Improvement of Skin Health
The sauna is known for its beneficial effect on the skin. Heat and steam open the pores, facilitating the elimination of toxins and impurities. The sauna also stimulates the production of collagen, which can help maintain the firmness and elasticity of the skin.
Many studies confirm these benefits. For example, a study published in the “Journal of Dermatology” showed that regular sauna use can help in treating skin problems such as acne, psoriasis, or eczema.
More information was written in the article about whether one can use a sauna with skin diseases.
Muscle relaxation is a key benefit of sauna use. The heat generated by the sauna helps to relax tense muscles, providing relief from muscle pain.
However, studies show that using a sauna directly before or after intense exercise may be inappropriate as it can lead to overheating and dehydration of the body.
It is recommended to use the sauna an hour after finishing your workout, allowing the body to cool down and hydrate properly. More information about sauna use in the context of sports training can be found in our article about sauna and training.
Support for Mental Health
The last but not least benefit of using a sauna is support for mental health. The sauna is a place of relaxation and rest, which allows you to disconnect from everyday problems for a moment. The high temperatures help to relax the muscles and reduce tension, which can bring relief in stress and anxiety.
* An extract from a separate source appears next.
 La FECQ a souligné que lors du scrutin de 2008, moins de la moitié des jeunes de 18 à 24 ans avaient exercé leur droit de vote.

Studies confirm that regular sauna use can help manage stress and improve mood. For example, a study conducted by the University of Eastern Finland showed that men who regularly use the sauna had significantly lower rates of depression and anxiety.
The sauna can contribute to improving sleep quality, which is extremely important for the overall state of health and well-being.
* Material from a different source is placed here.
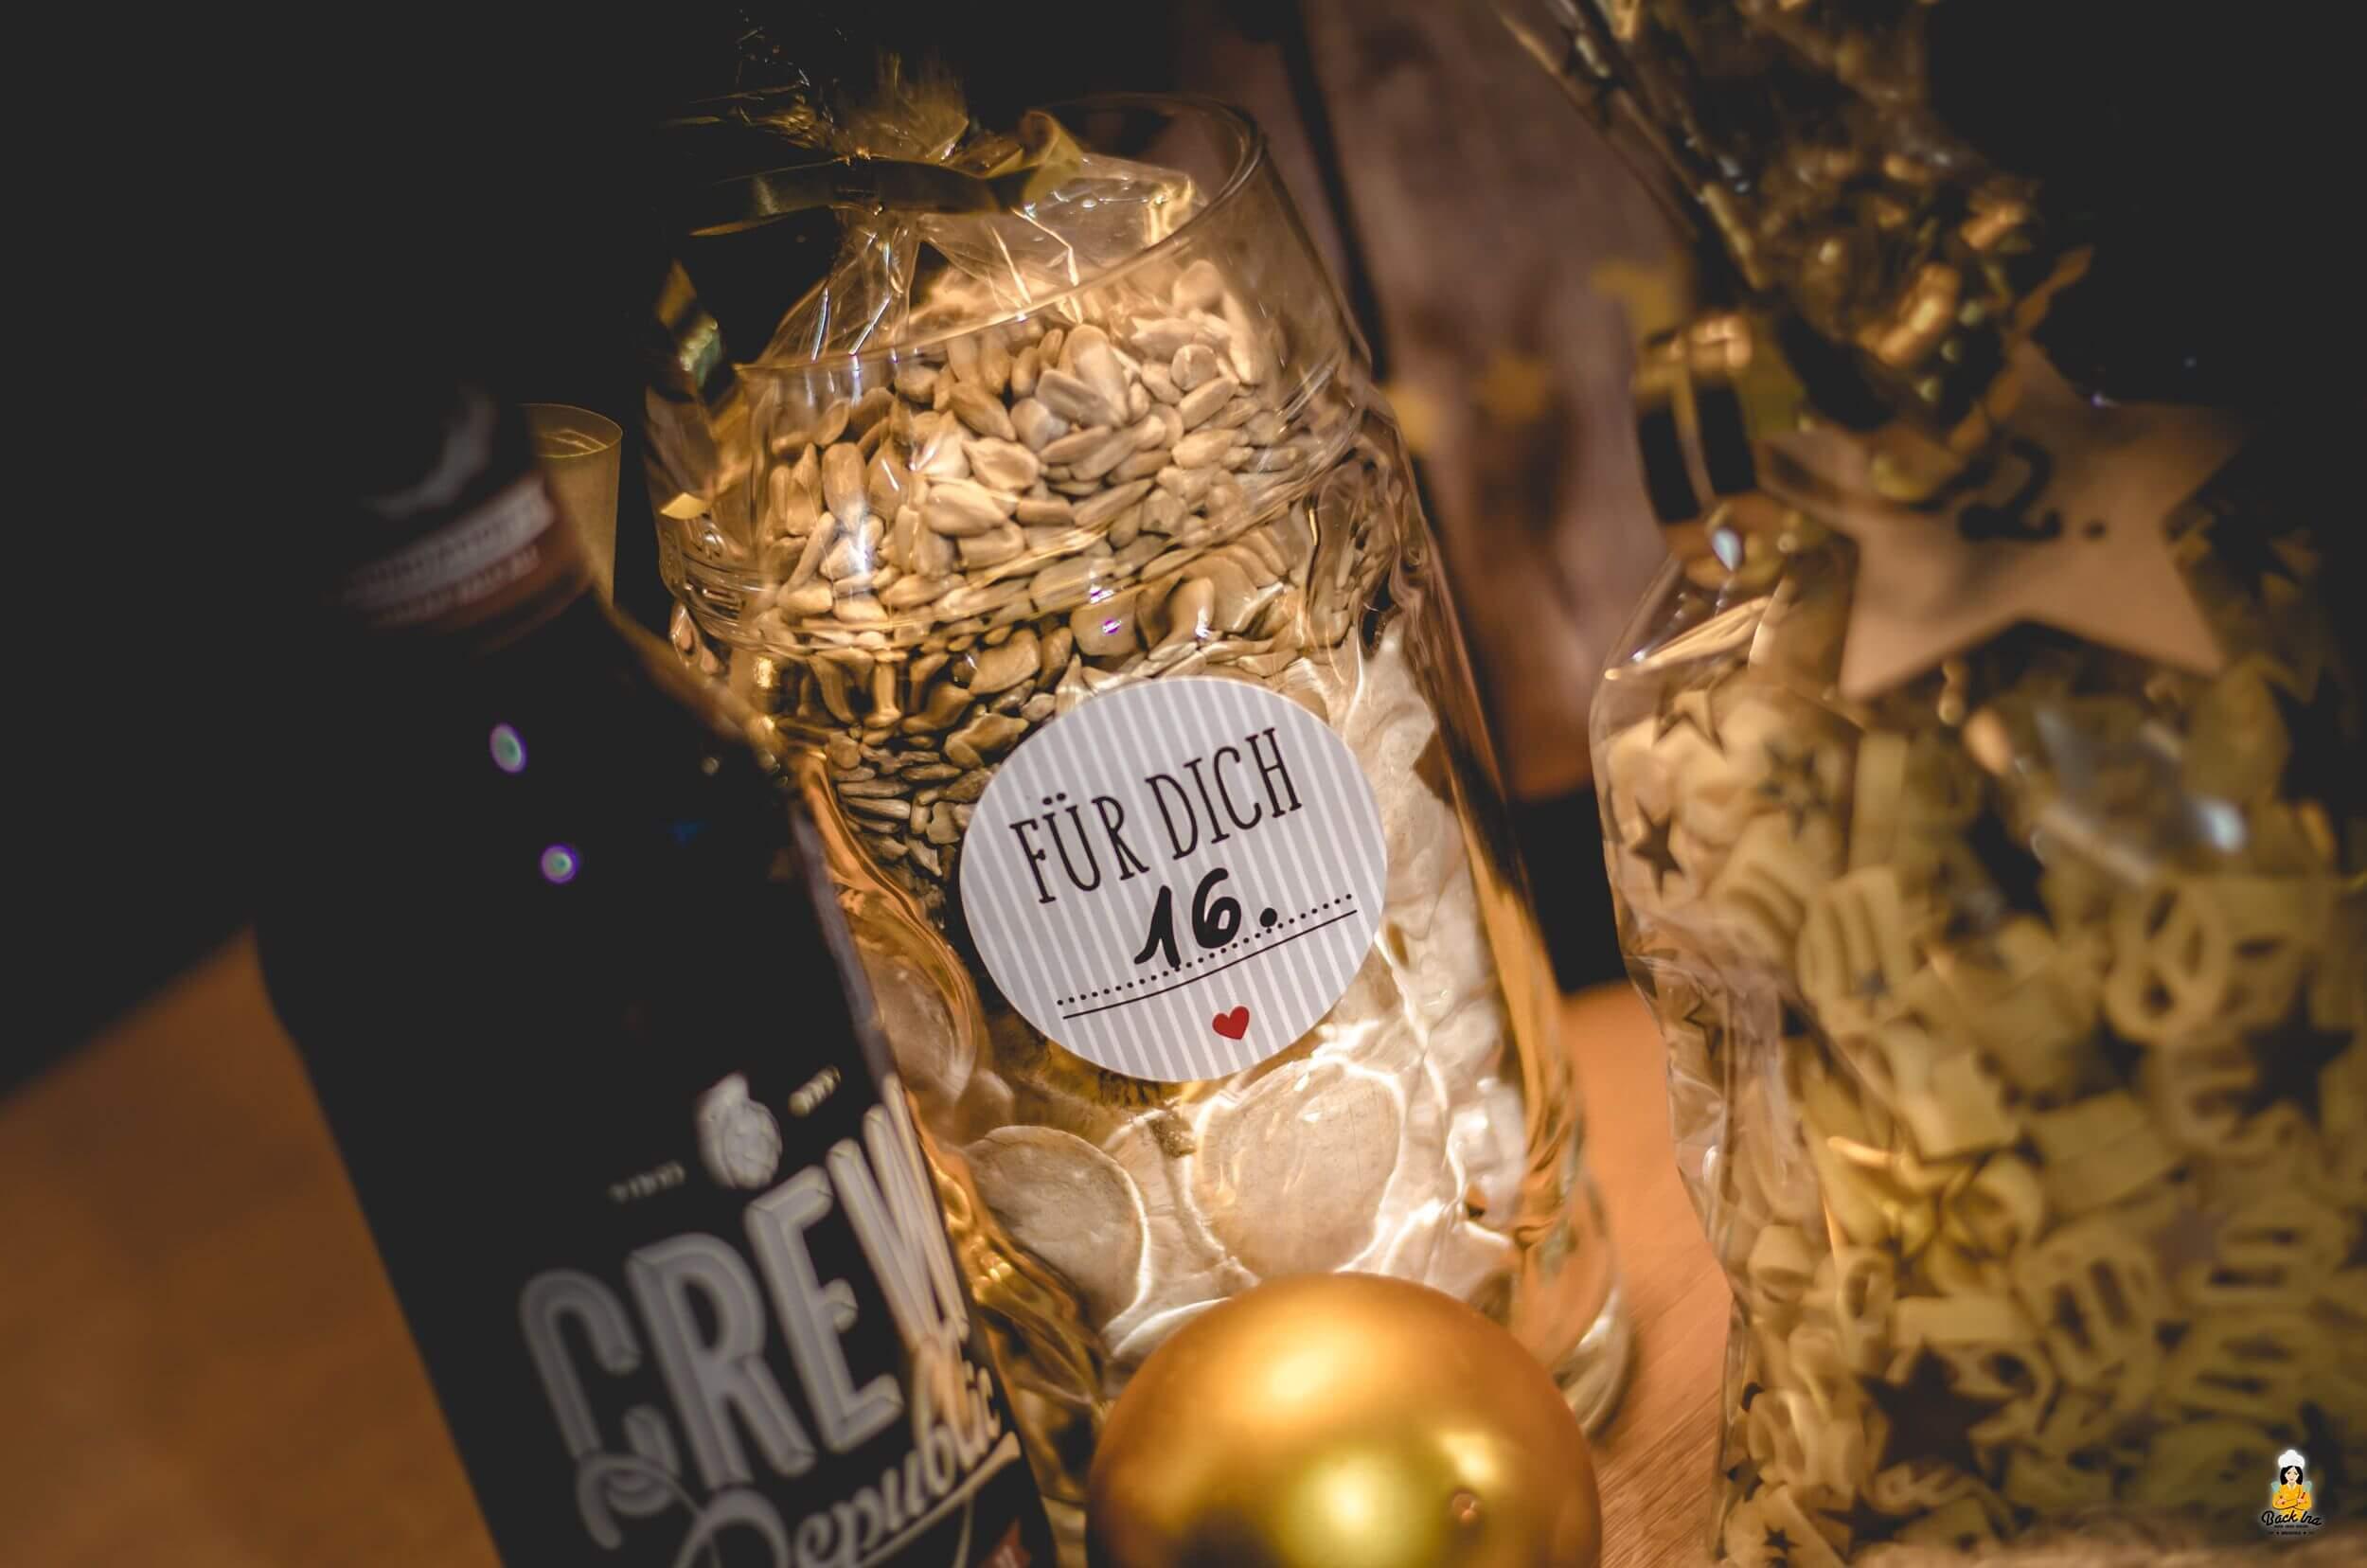 Backmischung für Bier-Brot als Geschenk aus der Küche

It appears that regular sauna use helps regulate the circadian rhythm, leading to deeper and more restorative sleep. Studies suggest that the heat of the sauna helps increase the production of endorphins, which are the body’s natural “painkillers”, and also can promote relaxation and facilitate falling asleep.
However, it’s important to avoid using a sauna directly before sleep as the elevated body temperature can make falling asleep more difficult. It’s recommended to use the sauna a few hours before sleep.
How often do I use the sauna?
Is the sauna safe for older people?
Can I use the sauna if I am ill?
Does using a sauna help you relax?
Safety and Contraindications
Sauna use is safe for most people, but there are certain conditions and situations that require extra caution. People with heart disease, high blood pressure, kidney failure, or other serious health conditions should consult a doctor before using a sauna, as the intense heat and temperature spikes can put additional strain on the body.
Pregnant women should also avoid saunas, especially during the first trimester, when there is an increased risk of hyperthermia, which can affect fetal development.
People who have recently consumed alcohol should also avoid saunas. Alcohol dilates blood vessels, which increases the risk of dehydration and a drop in blood pressure, which can lead to unconsciousness in the hot sauna environment.
For those who have never used a sauna before, a gradual introduction to the sauna routine is recommended, starting with shorter sessions and less intense heat, so that the body can adapt to the new conditions.
The sauna is not only a place to relax, but also a real oasis of health. Regular sauna use can provide many health benefits, such as improving blood circulation, supporting the immune system, aiding weight loss, improving skin health and supporting mental health.
We encourage you to use the sauna, following the safety recommendations. Remember that everyone’s body is different, so listen to your body and adjust the time and frequency of sauna use to suit your individual needs.